Segment Open
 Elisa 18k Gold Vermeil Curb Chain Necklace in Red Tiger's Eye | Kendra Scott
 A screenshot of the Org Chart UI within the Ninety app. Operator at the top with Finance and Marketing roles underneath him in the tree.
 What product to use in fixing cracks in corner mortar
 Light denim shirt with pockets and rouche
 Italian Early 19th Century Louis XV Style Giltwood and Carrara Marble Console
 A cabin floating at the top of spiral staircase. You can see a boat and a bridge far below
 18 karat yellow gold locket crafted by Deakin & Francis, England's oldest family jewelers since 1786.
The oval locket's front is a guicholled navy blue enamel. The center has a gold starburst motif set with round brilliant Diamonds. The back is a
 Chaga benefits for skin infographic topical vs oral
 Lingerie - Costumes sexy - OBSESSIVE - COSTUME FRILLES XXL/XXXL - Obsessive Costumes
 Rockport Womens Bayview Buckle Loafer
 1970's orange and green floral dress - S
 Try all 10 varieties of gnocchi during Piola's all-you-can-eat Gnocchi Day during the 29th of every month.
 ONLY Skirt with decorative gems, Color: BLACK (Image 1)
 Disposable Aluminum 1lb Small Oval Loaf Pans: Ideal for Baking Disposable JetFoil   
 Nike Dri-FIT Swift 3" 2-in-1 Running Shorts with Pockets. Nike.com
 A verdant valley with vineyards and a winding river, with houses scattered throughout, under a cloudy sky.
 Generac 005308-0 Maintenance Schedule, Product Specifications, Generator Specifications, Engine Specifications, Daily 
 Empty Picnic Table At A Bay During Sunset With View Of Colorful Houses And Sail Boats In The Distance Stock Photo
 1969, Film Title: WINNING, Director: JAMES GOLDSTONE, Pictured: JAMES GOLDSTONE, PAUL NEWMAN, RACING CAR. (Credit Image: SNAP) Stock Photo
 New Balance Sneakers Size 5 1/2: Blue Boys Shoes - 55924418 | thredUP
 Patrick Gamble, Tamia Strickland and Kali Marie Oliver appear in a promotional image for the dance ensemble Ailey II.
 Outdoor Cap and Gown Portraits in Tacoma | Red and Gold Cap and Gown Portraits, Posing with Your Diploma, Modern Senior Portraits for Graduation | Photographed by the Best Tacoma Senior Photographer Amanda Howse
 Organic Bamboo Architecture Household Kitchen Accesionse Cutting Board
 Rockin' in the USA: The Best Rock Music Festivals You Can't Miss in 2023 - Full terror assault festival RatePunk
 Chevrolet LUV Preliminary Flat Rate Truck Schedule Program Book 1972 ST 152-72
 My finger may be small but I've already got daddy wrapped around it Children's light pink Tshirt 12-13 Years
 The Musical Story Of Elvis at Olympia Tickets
Segment Closed
## Work item:
Repeat the records, every one of them, without any deviation.

## The answer:
 Elisa 18k Gold Vermeil Curb Chain Necklace in Red Tiger's Eye | Kendra Scott
 A screenshot of the Org Chart UI within the Ninety app. Operator at the top with Finance and Marketing roles underneath him in the tree.
 What product to use in fixing cracks in corner mortar
 Light denim shirt with pockets and rouche
 Italian Early 19th Century Louis XV Style Giltwood and Carrara Marble Console
 A cabin floating at the top of spiral staircase. You can see a boat and a bridge far below
 18 karat yellow gold locket crafted by Deakin & Francis, England's oldest family jewelers since 1786.
The oval locket's front is a guicholled navy blue enamel. The center has a gold starburst motif set with round brilliant Diamonds. The back is a
 Chaga benefits for skin infographic topical vs oral
 Lingerie - Costumes sexy - OBSESSIVE - COSTUME FRILLES XXL/XXXL - Obsessive Costumes
 Rockport Womens Bayview Buckle Loafer
 1970's orange and green floral dress - S
 Try all 10 varieties of gnocchi during Piola's all-you-can-eat Gnocchi Day during the 29th of every month.
 ONLY Skirt with decorative gems, Color: BLACK (Image 1)
 Disposable Aluminum 1lb Small Oval Loaf Pans: Ideal for Baking Disposable JetFoil   
 Nike Dri-FIT Swift 3" 2-in-1 Running Shorts with Pockets. Nike.com
 A verdant valley with vineyards and a winding river, with houses scattered throughout, under a cloudy sky.
 Generac 005308-0 Maintenance Schedule, Product Specifications, Generator Specifications, Engine Specifications, Daily 
 Empty Picnic Table At A Bay During Sunset With View Of Colorful Houses And Sail Boats In The Distance Stock Photo
 1969, Film Title: WINNING, Director: JAMES GOLDSTONE, Pictured: JAMES GOLDSTONE, PAUL NEWMAN, RACING CAR. (Credit Image: SNAP) Stock Photo
 New Balance Sneakers Size 5 1/2: Blue Boys Shoes - 55924418 | thredUP
 Patrick Gamble, Tamia Strickland and Kali Marie Oliver appear in a promotional image for the dance ensemble Ailey II.
 Outdoor Cap and Gown Portraits in Tacoma | Red and Gold Cap and Gown Portraits, Posing with Your Diploma, Modern Senior Portraits for Graduation | Photographed by the Best Tacoma Senior Photographer Amanda Howse
 Organic Bamboo Architecture Household Kitchen Accesionse Cutting Board
 Rockin' in the USA: The Best Rock Music Festivals You Can't Miss in 2023 - Full terror assault festival RatePunk
 Chevrolet LUV Preliminary Flat Rate Truck Schedule Program Book 1972 ST 152-72
 My finger may be small but I've already got daddy wrapped around it Children's light pink Tshirt 12-13 Years
 The Musical Story Of Elvis at Olympia Tickets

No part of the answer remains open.